This gender difference in hospital course translates to differences in disposition as well. Although women with cirrhosis are less likely to die or receive a liver transplant during hospitalization, they have higher rates of discharge to post-acute care institutions and with rehabilitation services. This is consistent with prior research which has found that women are more likely to live alone than men and are less likely to have caregivers, which likely leads to different thresholds for hospitalization and discharge. ^49,50

We acknowledge the following limitations to this study. First, the NIS lacks full clinical detail including laboratory data, limiting our ability to calculate MELDNa and Child-Pugh scores to compare severity of illness.
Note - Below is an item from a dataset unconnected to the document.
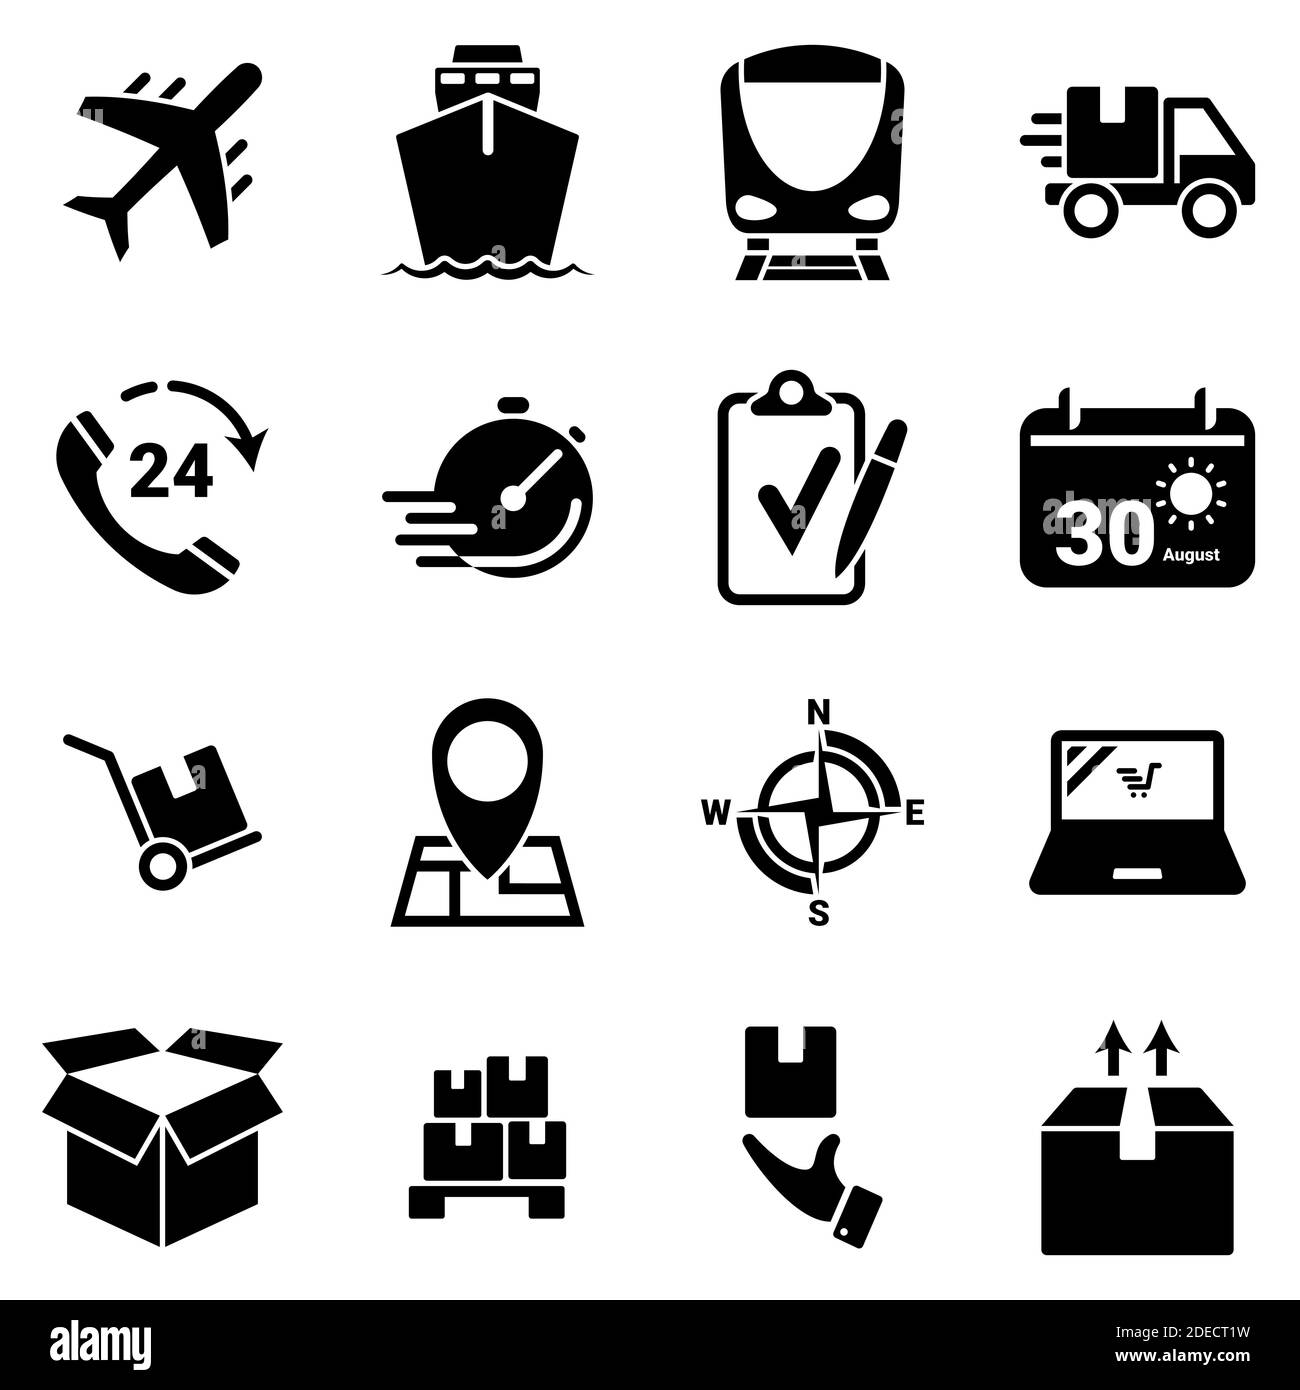 Set of simple icons on a theme Transportation, logistics, cargo, vector, design, flat, sign, symbol,element, object, illustration. Black icons isolate Stock Vector
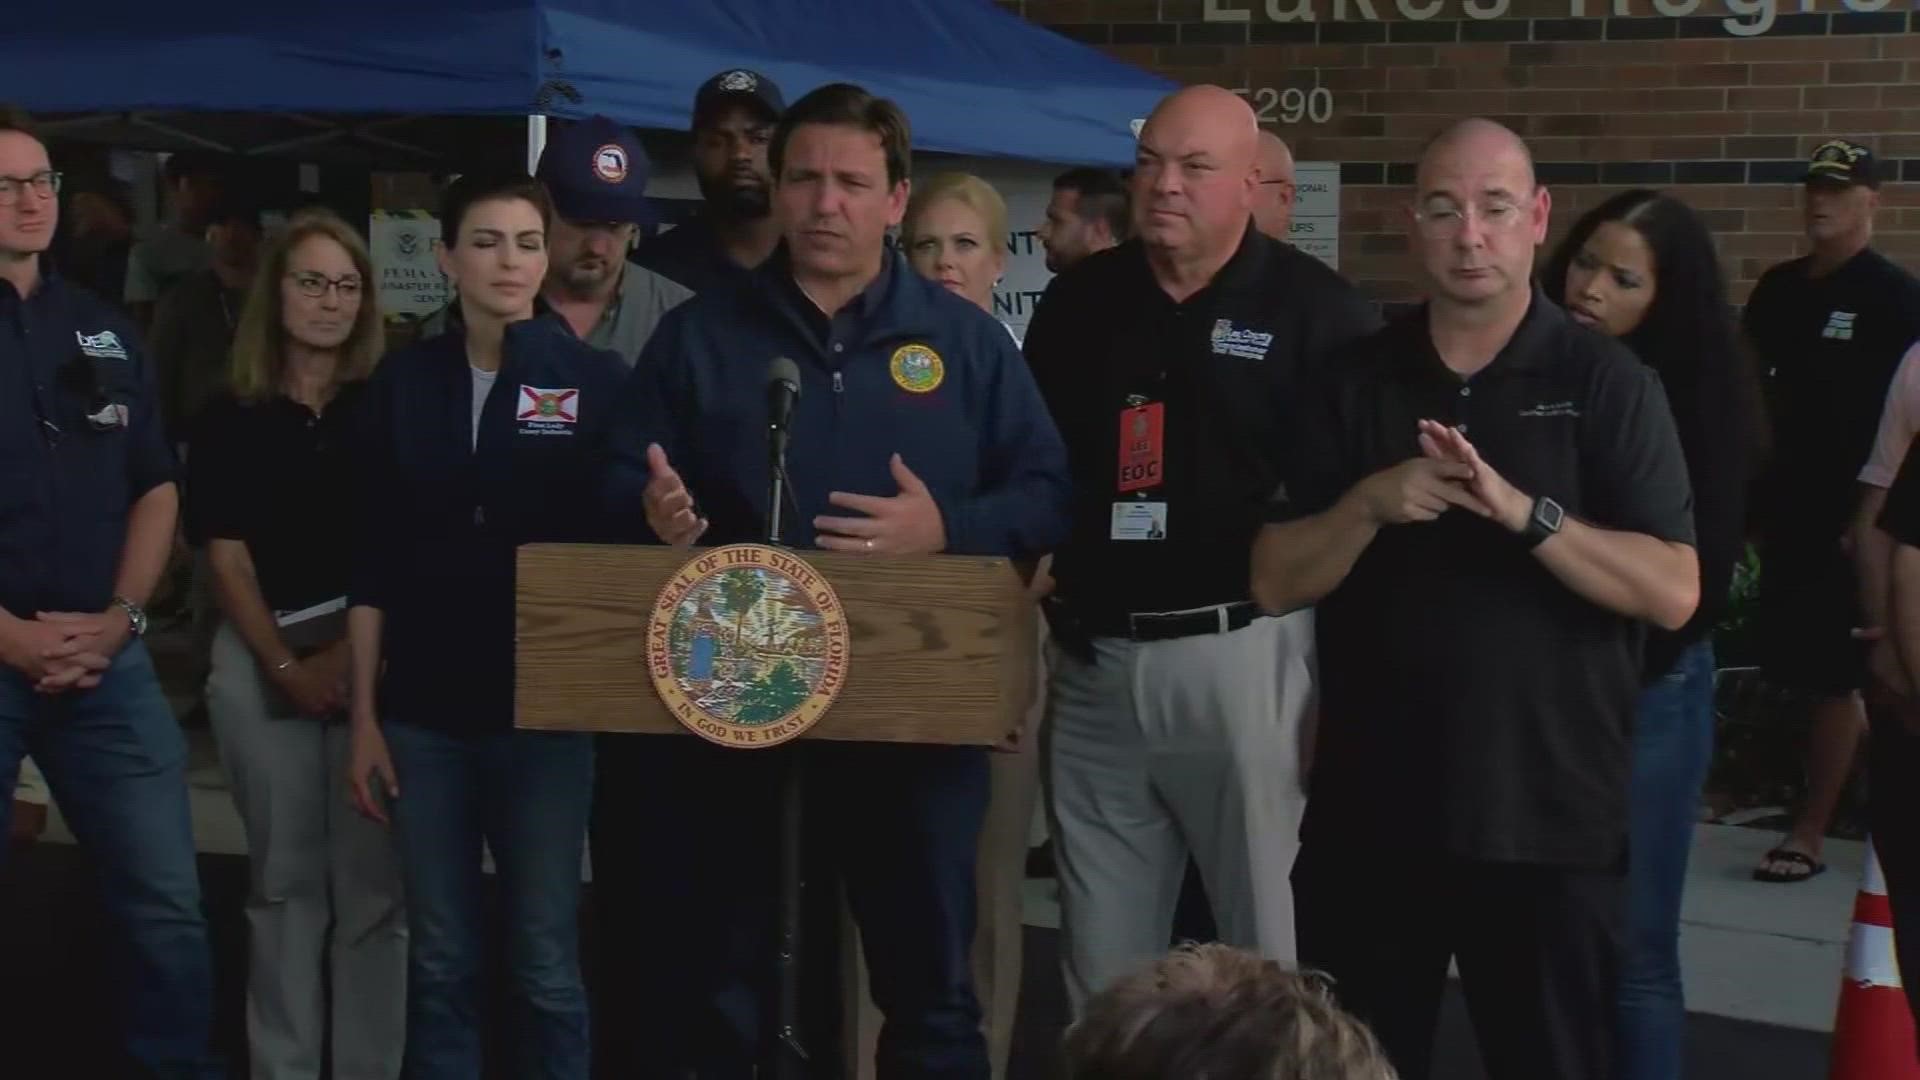 The center will help provide aid for people and businesses impacted by Hurricane Ian.

However, prior studies have utilized and validated ICD-9 codes to identify cirrhosis complications and estimate decompensation as a marker of severity of liver disease. ^26–28,32 Still, there remain some complications, such as hepatic encephalopathy, which may be particularly susceptible to coding errors, given difficulty in diagnosing low-grade encephalopathy and in distinguishing it from other causes of altered mental status in hospitalized patients. Second, the NIS does not provide patient identifiers, so we are unable to track readmissions by the same patient. As readmissions are common in cirrhosis, our data may capture the same patients during multiple admissions. In addition, given the trend toward shorter hospitalizations in women, a better understanding of short-term post-hospital outcomes, including readmissions, will be important in fully understanding gender disparities in cirrhosis hospitalizations. Finally, this study only includes data about acute hospitalization episodes, so we cannot measure longer term outcomes or trends in health resource utilization. Our findings should be validated in a prospective cohort that allows us to capture more granular clinical data for patients during and after hospitalization, including information on patterns of clinical decompensation, healthcare utilization (including readmissions) and longer-term mortality. Studies that incorporate more difficult to measure factors, such as disability and social support, may provide additional insight into differential rates of hospitalization and liver transplant between women and men.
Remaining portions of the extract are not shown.